Problem description:
What you give back must match the data exactly, minus the pictures.

Dataset excerpt:
⟨

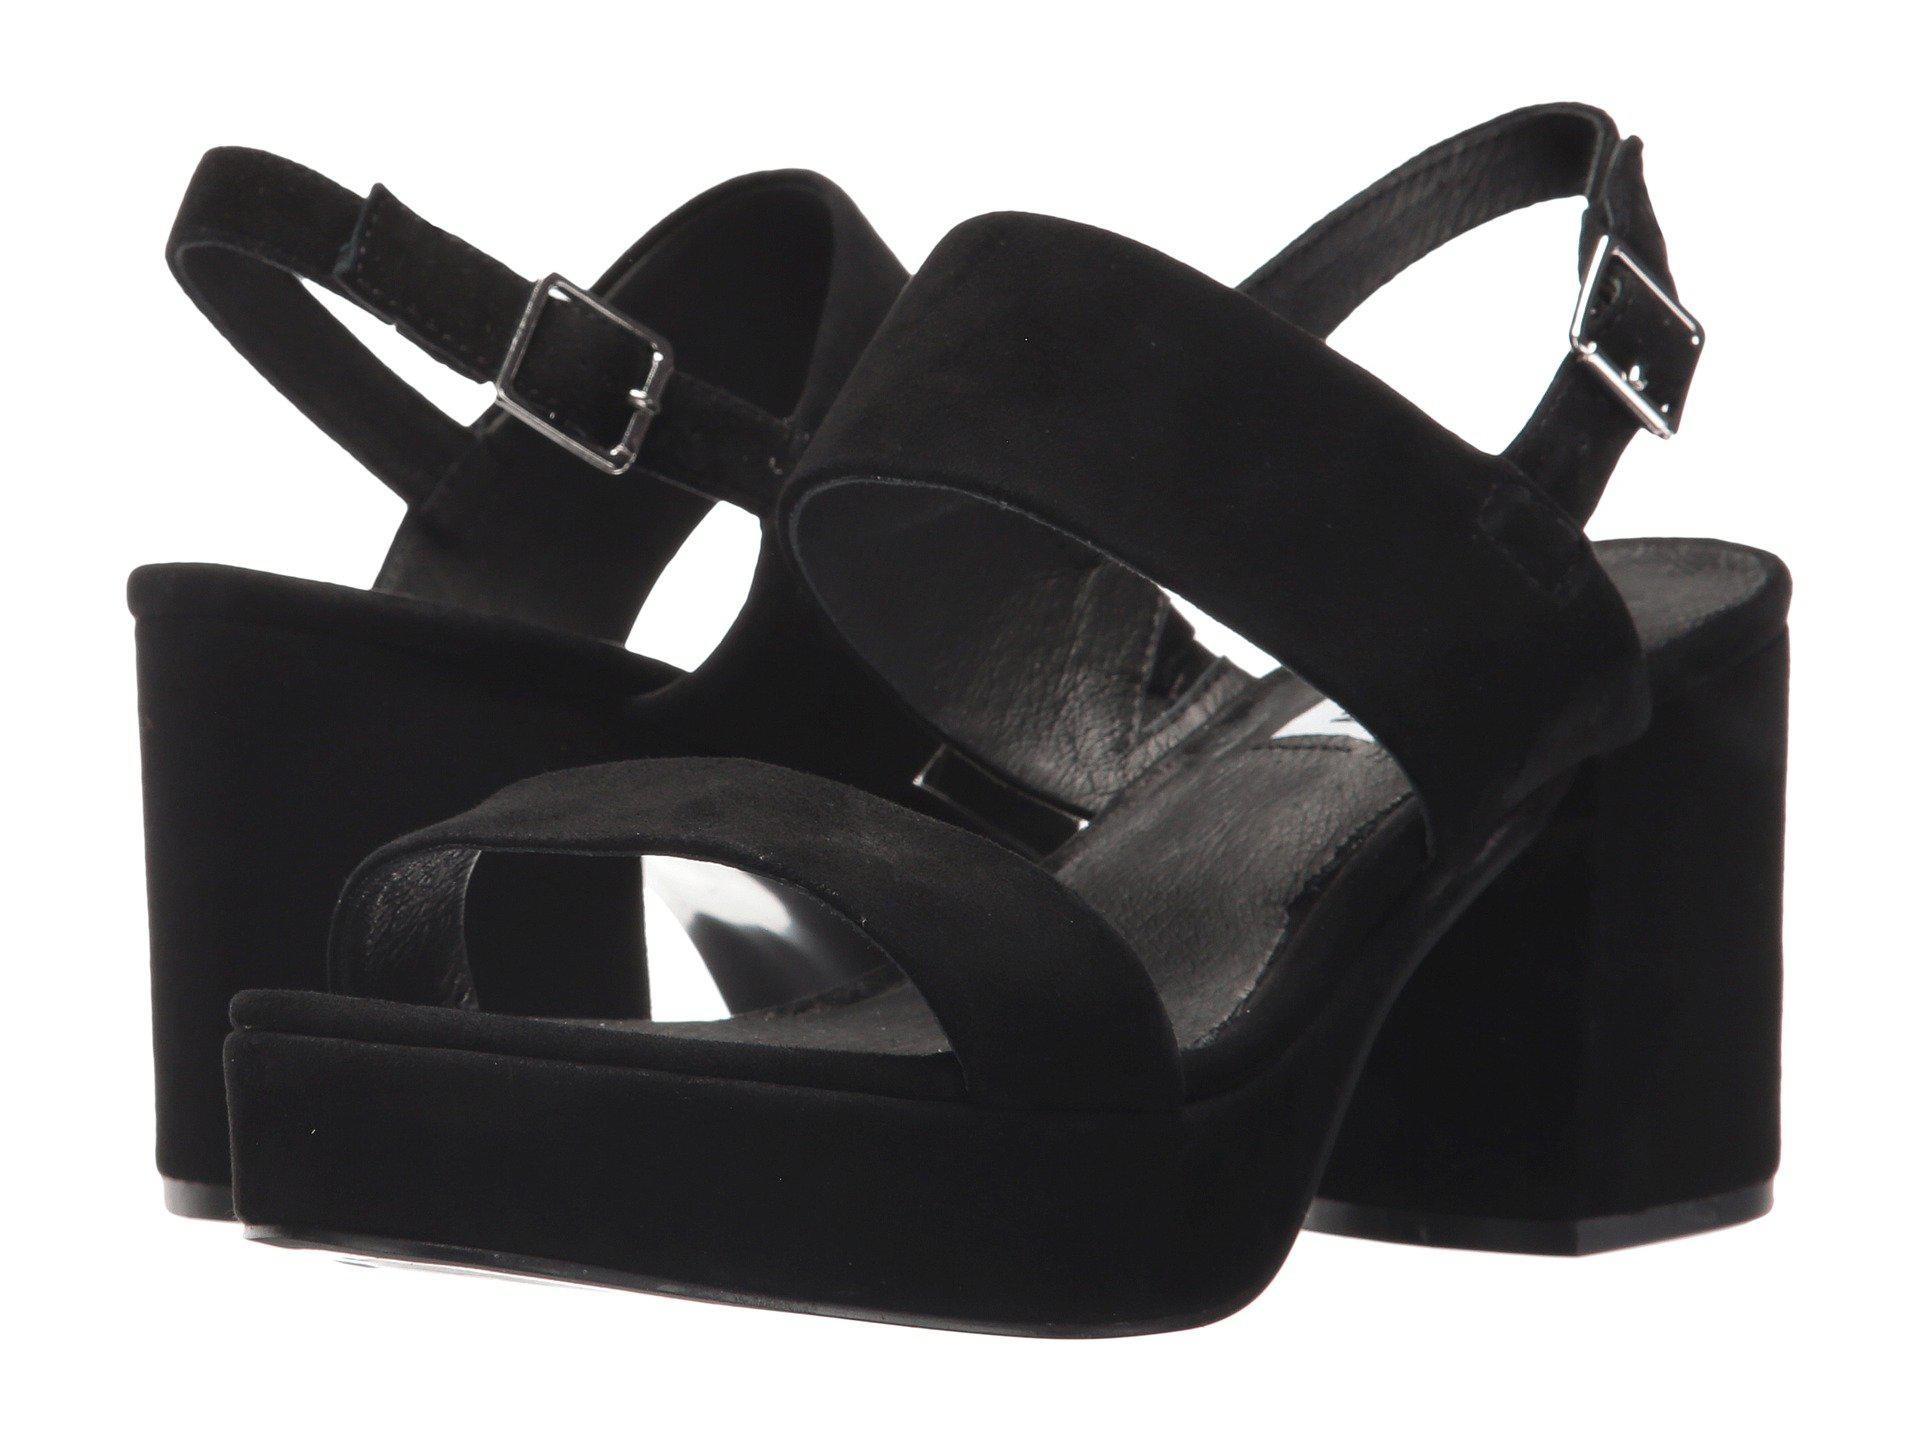 d111ca79a14a Lyst - Steve Madden Reba Sandal in Black
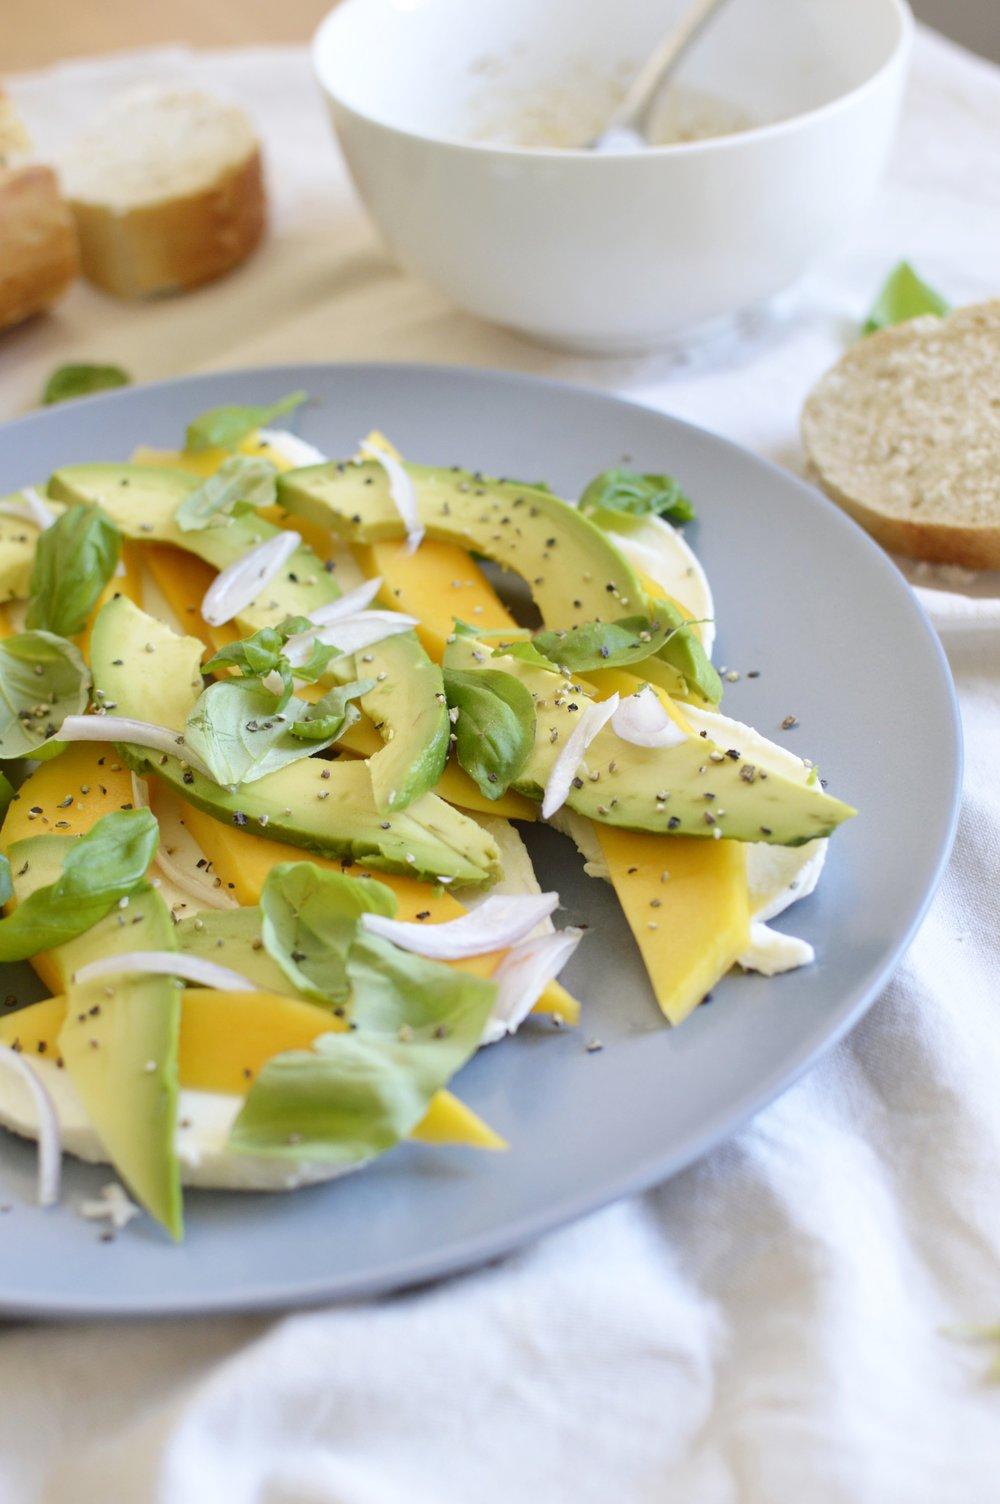 Avocado-Mango-Mozzarella-Caprese-lowcarb-ideen-rezept
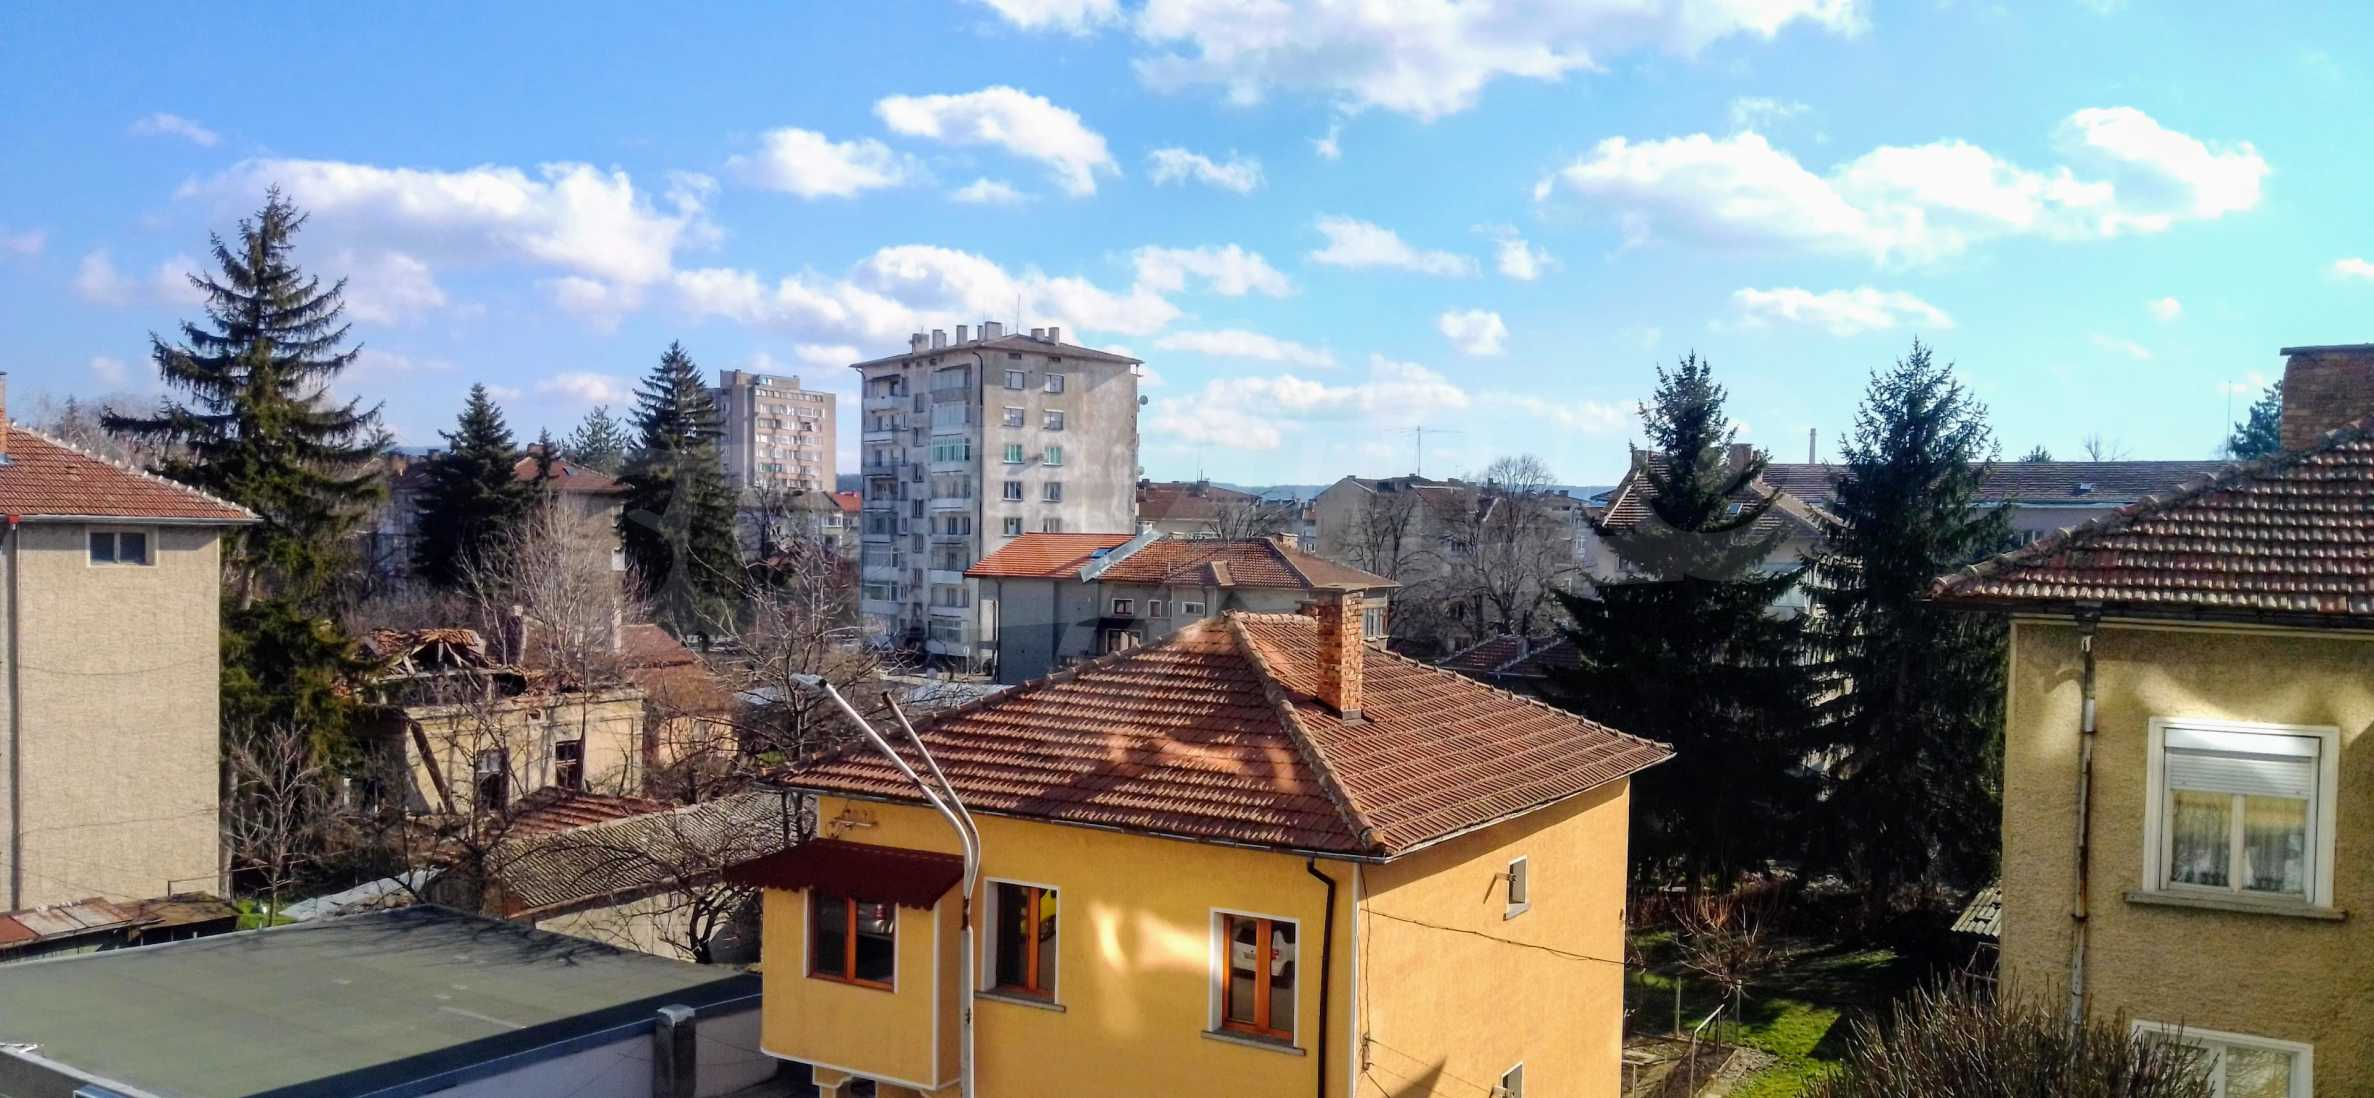 Слънчев тристаен апартамент в град Севлиево

⟩

Result below:
 d111ca79a14a Lyst - Steve Madden Reba Sandal in Black
 Avocado-Mango-Mozzarella-Caprese-lowcarb-ideen-rezept
 Слънчев тристаен апартамент в град Севлиево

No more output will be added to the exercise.